HD Melphalan and SCT in Patients With IGDD or LCDD

March 28, 2017 updated by: Vaishali Sanchorawala, Boston Medical Center

High-Dose Melphalan and Autologous Stem Cell Transplantation (HDM/SCT) in Light-Chain Deposition Disease (LCDD) and Immunoglobulin Deposition Disease (IGDD)

RATIONALE: Giving chemotherapy before a stem cell transplant stops the growth of cancer cells by stopping them from dividing or killing them. Giving colony-stimulating factors, such as G-CSF, and certain chemotherapy drugs, helps stem cells move from the bone marrow to the blood so they can be collected and stored. Chemotherapy is then given to prepare the bone marrow for the stem cell transplant. The stem cells are then returned to the patient to replace the blood-forming cells that were destroyed by the chemotherapy.

PURPOSE: This phase II trial is studying the side effects of high-dose melphalan given together with stem cell transplant and to see how well it works in treating patients with immunoglobulin deposition disease or light-chain deposition disease.

Study Overview

Status

Terminated

Conditions

Intervention / Treatment

Detailed Description

OBJECTIVES:

  • To assess the tolerability of high-dose melphalan and autologous stem cell transplantation in patients with immunoglobulin deposition disease or light-chain deposition disease.
  • To determine the hematologic response rate in patients treated with this regimen.
  • To determine the predictability of early free light-chain response for heme response in patients treated with this regimen.
  • To determine organ or clinical response in patients treated with this regimen.
  • To determine overall survival of these patients.

OUTLINE:

  • Stem cell mobilization: Patients undergo blood stem cell mobilization comprising filgrastim (G-CSF) subcutaneously once daily for 3 days (i.e., through the day before the last stem cell collection).
  • Stem cell collection: Patients undergo collection of G-CSF-mobilized blood stem cells until the target number of stem cells (at least 2 x 10^6 cluster of differentiation-34-positive cells) is reached.
  • Conditioning regimen: Patients receive high-dose melphalan IV on days -3 to -2.
  • Autologous stem cell transplantation: Patients undergo blood stem cell infusion on day 0.

After completion of study therapy, patients are followed at 3, 6, and 12 months and then annually thereafter.

Study Type

Interventional

Enrollment (Actual)

5

Phase

  • Phase 2

Contacts and Locations

This section provides the contact details for those conducting the study, and information on where this study is being conducted.

Study Locations

  • United States
    • Massachusetts
      • Boston, Massachusetts, United States, 02118
        • Boston University Cancer Research Center

Participation Criteria

Researchers look for people who fit a certain description, called eligibility criteria.
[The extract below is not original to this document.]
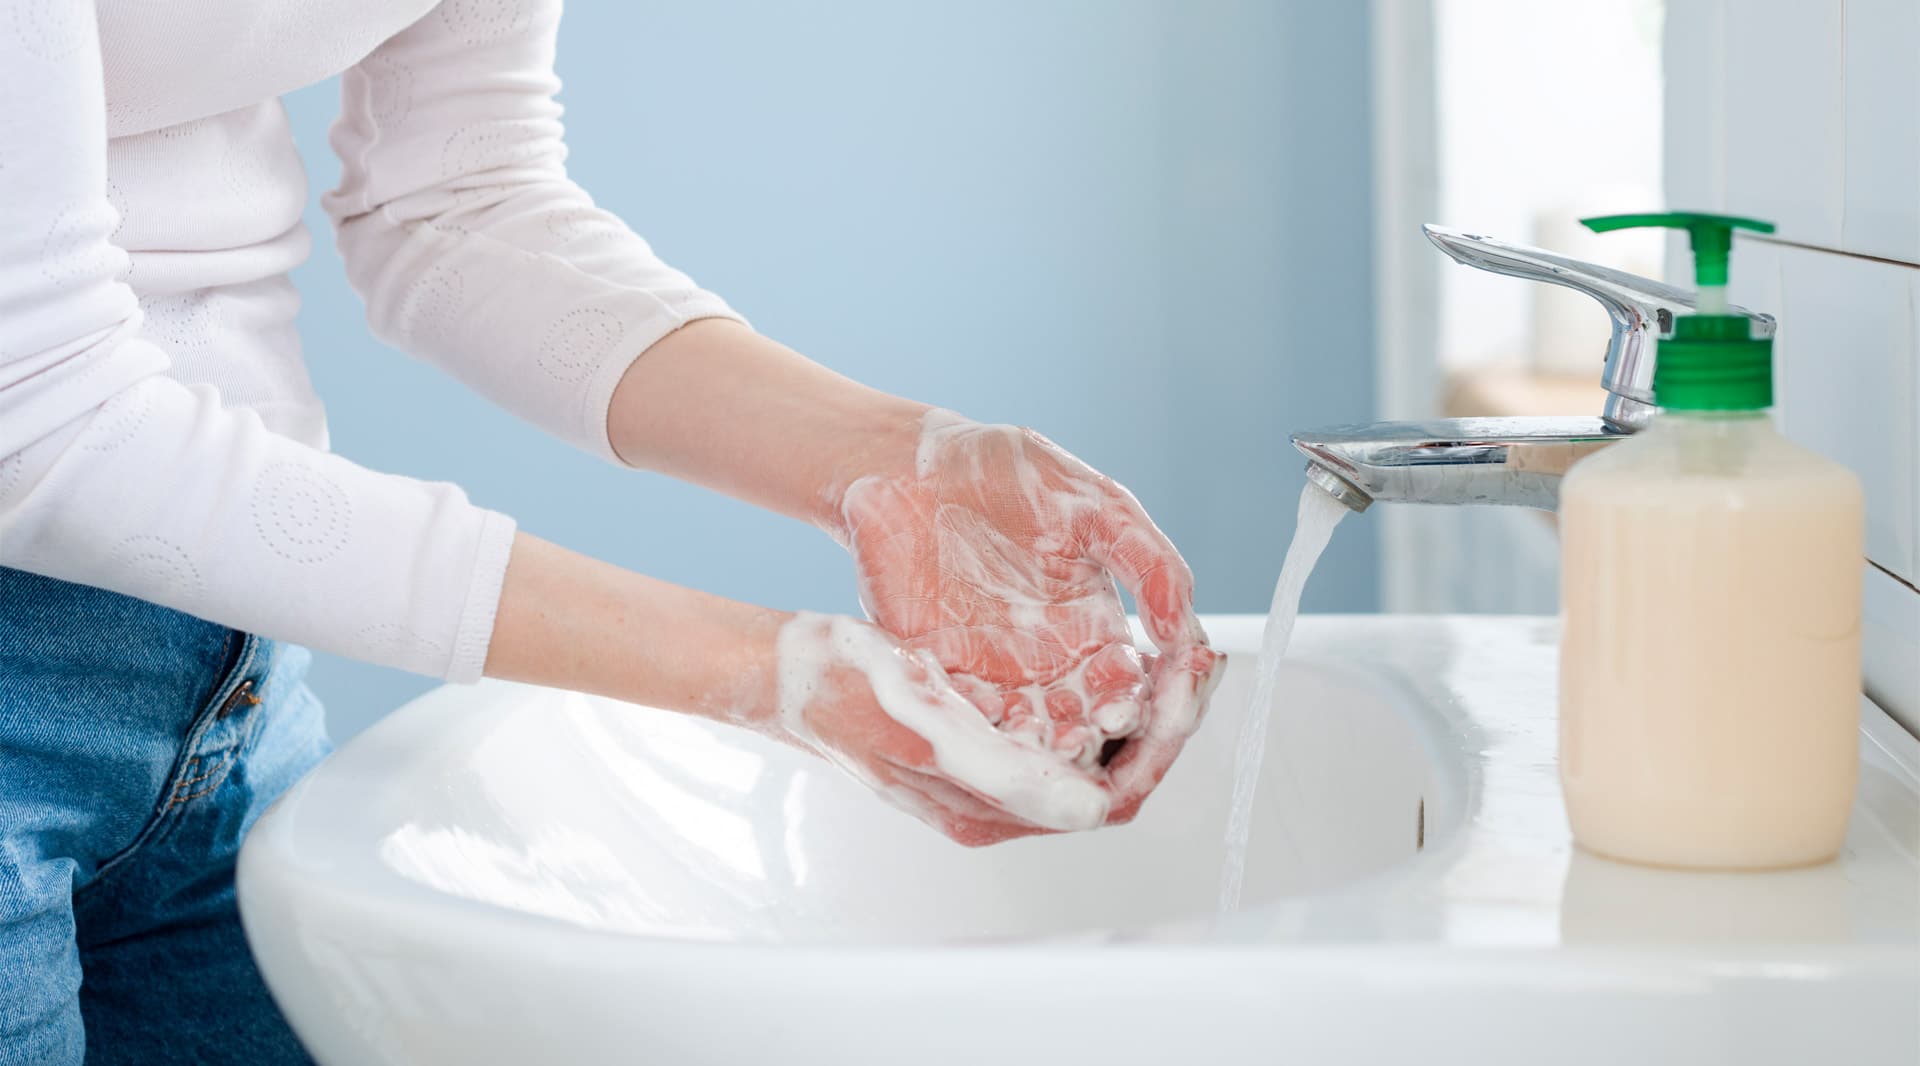 Coronavirus - person washing hands

Some examples of these criteria are a person's general health condition or prior treatments.

Eligibility Criteria

Ages Eligible for Study

18 years to 120 years (ADULT, OLDER_ADULT)

Accepts Healthy Volunteers

No

Genders Eligible for Study

All

Description

Inclusion Criteria:

DISEASE CHARACTERISTICS:

  • Histologically confirmed light-chain deposition disease based on the following criteria:

    • Deposition of granular material containing free light-chain (FLC) immunoglobulins that did not bind Congo red

    • Evidence of a plasma cell dyscrasia, as defined by any of the following:

      • Monoclonal gammopathy in the serum or urine by immunofixation electrophoresis
      • Clonal plasmacytosis on bone marrow biopsy by immuno-histochemical
      • Elevated serum levels of FLC
  • Patients may enroll after stem cell collection (SCC) if all prestudy requirements are completed prior to starting SCC (i.e., ≥ 2.5 x 10^6 cells available for transplantation)

PRIOR CONCURRENT THERAPY:

  • Prior chemotherapy with alkylating agent allowed provided there is no evidence of myelodysplastic syndromes
  • Prior total dose of melphalan < 300 mg
  • More than 4 weeks since prior cytotoxic therapy and recovered

PATIENT CHARACTERISTICS:

  • Performance status 0-2
  • Left Ventricular Ejection Fraction (LVEF) ≥ 45% within the past 90 days
  • diffusing capacity of lung for carbon monoxide (DLCO) ≥ 50%

Exclusion Criteria:

  • No overt multiple myeloma, as defined by any of the following:

    • Greater than 30% bone marrow plasmacytosis
    • Extensive (i.e., > 2) lytic lesions
    • Hypercalcemia
  • No myocardial infarction, congestive heart failure, or arrhythmia refractory to therapy within the past 6 months
  • No prior malignancy except adequately treated basal cell or squamous cell skin cancer, carcinoma in situ of the cervix, adequately treated stage I or II cancer from which the patient is currently in complete response, or any other cancer from which the patient has been disease-free for the past 5 years
  • No HIV positivity

Study Plan

This section provides details of the study plan, including how the study is designed and what the study is measuring.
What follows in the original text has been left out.